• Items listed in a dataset

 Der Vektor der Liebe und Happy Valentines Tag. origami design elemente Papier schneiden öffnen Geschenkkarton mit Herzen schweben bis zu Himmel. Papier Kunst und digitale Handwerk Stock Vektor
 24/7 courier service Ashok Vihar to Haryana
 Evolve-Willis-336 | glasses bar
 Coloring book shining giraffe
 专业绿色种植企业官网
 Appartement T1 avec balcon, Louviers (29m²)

• Your instructions
Please return exactly the lines from the one containing "Evolve-Willis-336 | glasses bar" through the end of the entries above, adding no other line.

• Reply to the task
 Evolve-Willis-336 | glasses bar
 Coloring book shining giraffe
 专业绿色种植企业官网
 Appartement T1 avec balcon, Louviers (29m²)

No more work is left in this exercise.